··· INFORMATION SHOWN ···

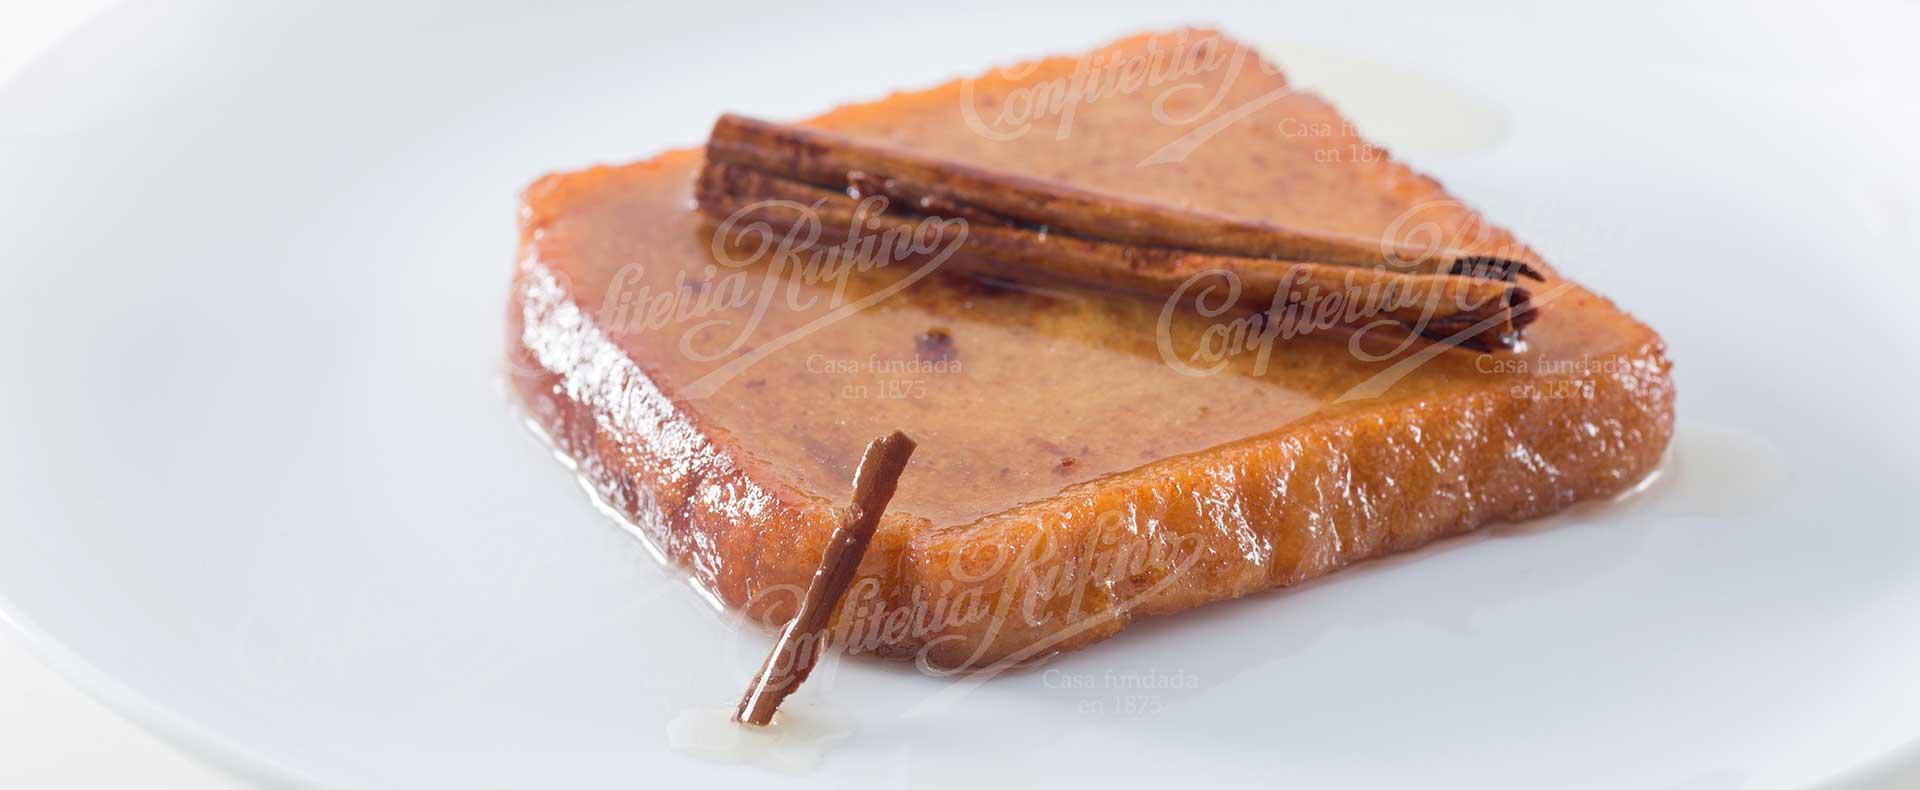 Torrija dulce frito de Semana Santa Confiteria Rufino Aracena
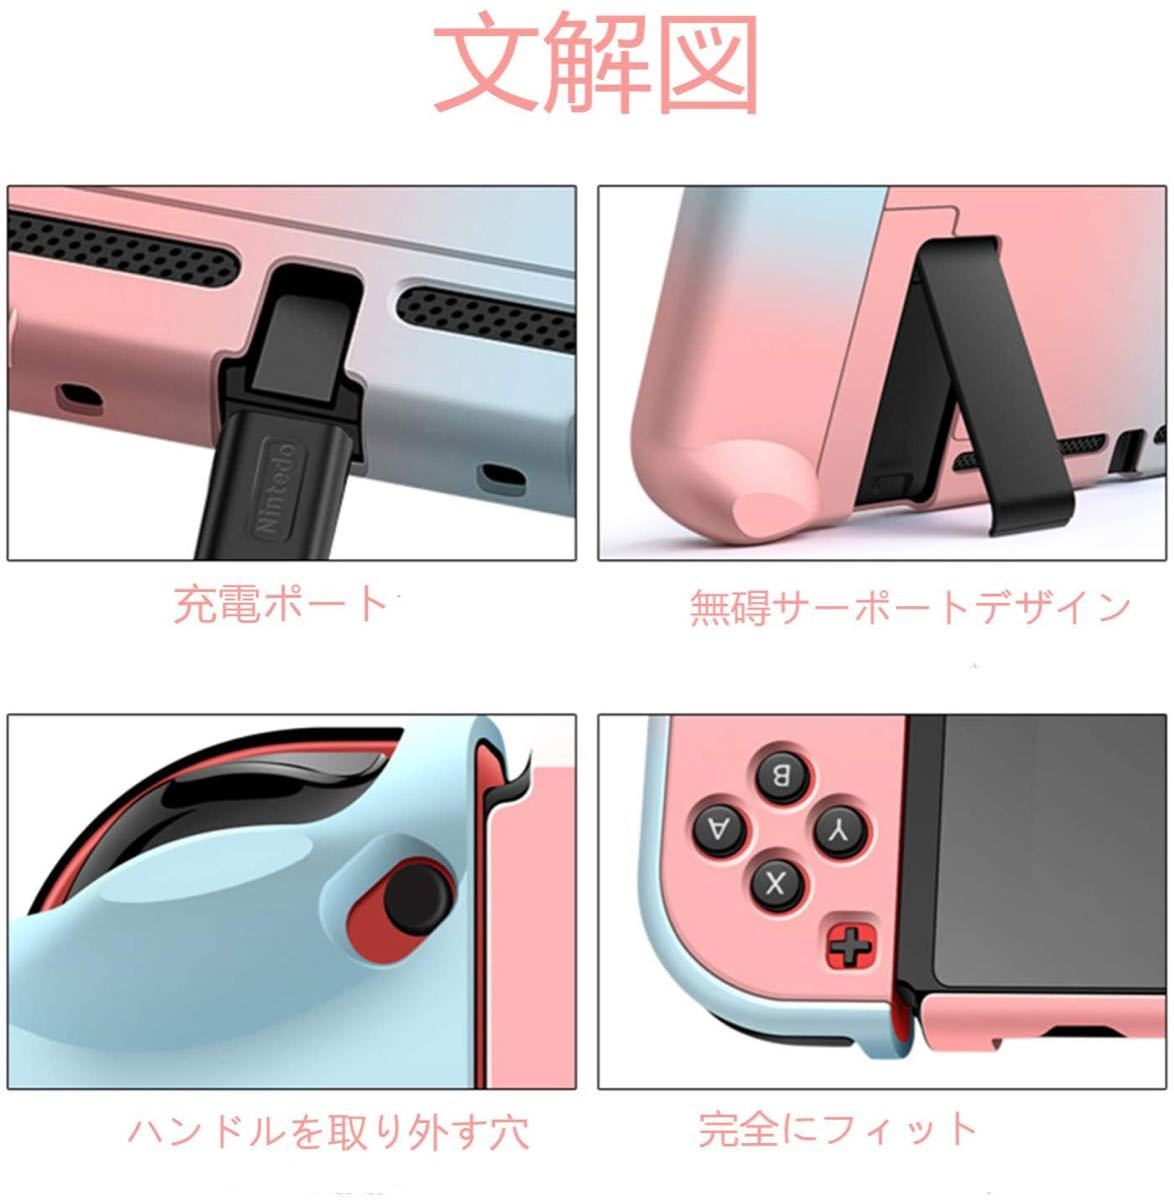 Nintendo switch カバー スイッチケース ピンク/ホワイト
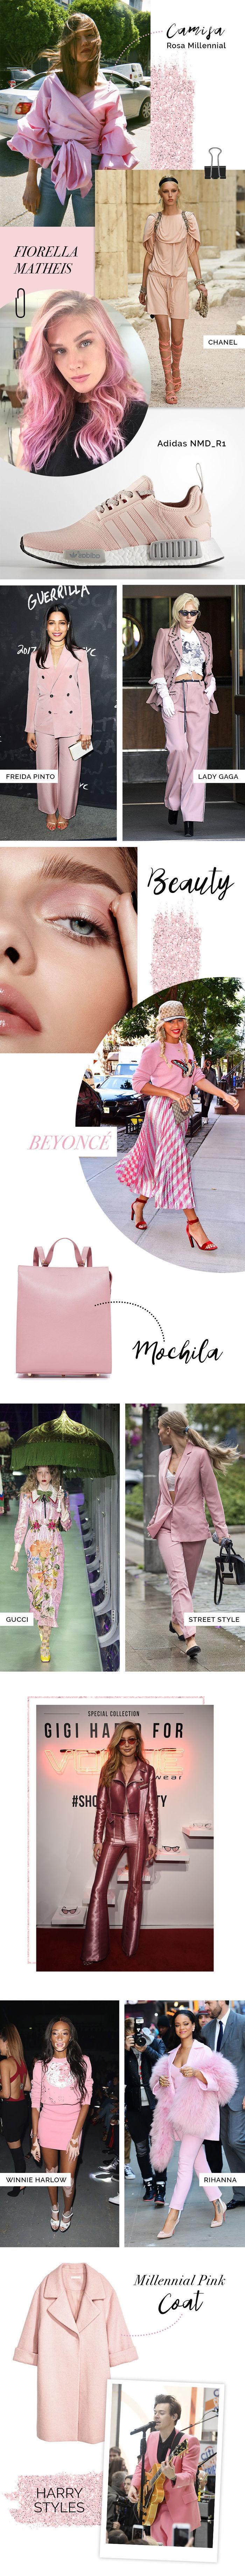 Layla Monteiro look rosa millennial rosa seco trendy color rosinha rosa blush Rihanna Harry Styles Lady Gaga

···

» **ABOUT THIS EXERCISE**: All of the data is to be reproduced exactly, with the pictures left out.

» **ANSWER FOR THIS EXERCISE**:
 Torrija dulce frito de Semana Santa Confiteria Rufino Aracena
 Nintendo switch カバー スイッチケース ピンク/ホワイト
 Layla Monteiro look rosa millennial rosa seco trendy color rosinha rosa blush Rihanna Harry Styles Lady Gaga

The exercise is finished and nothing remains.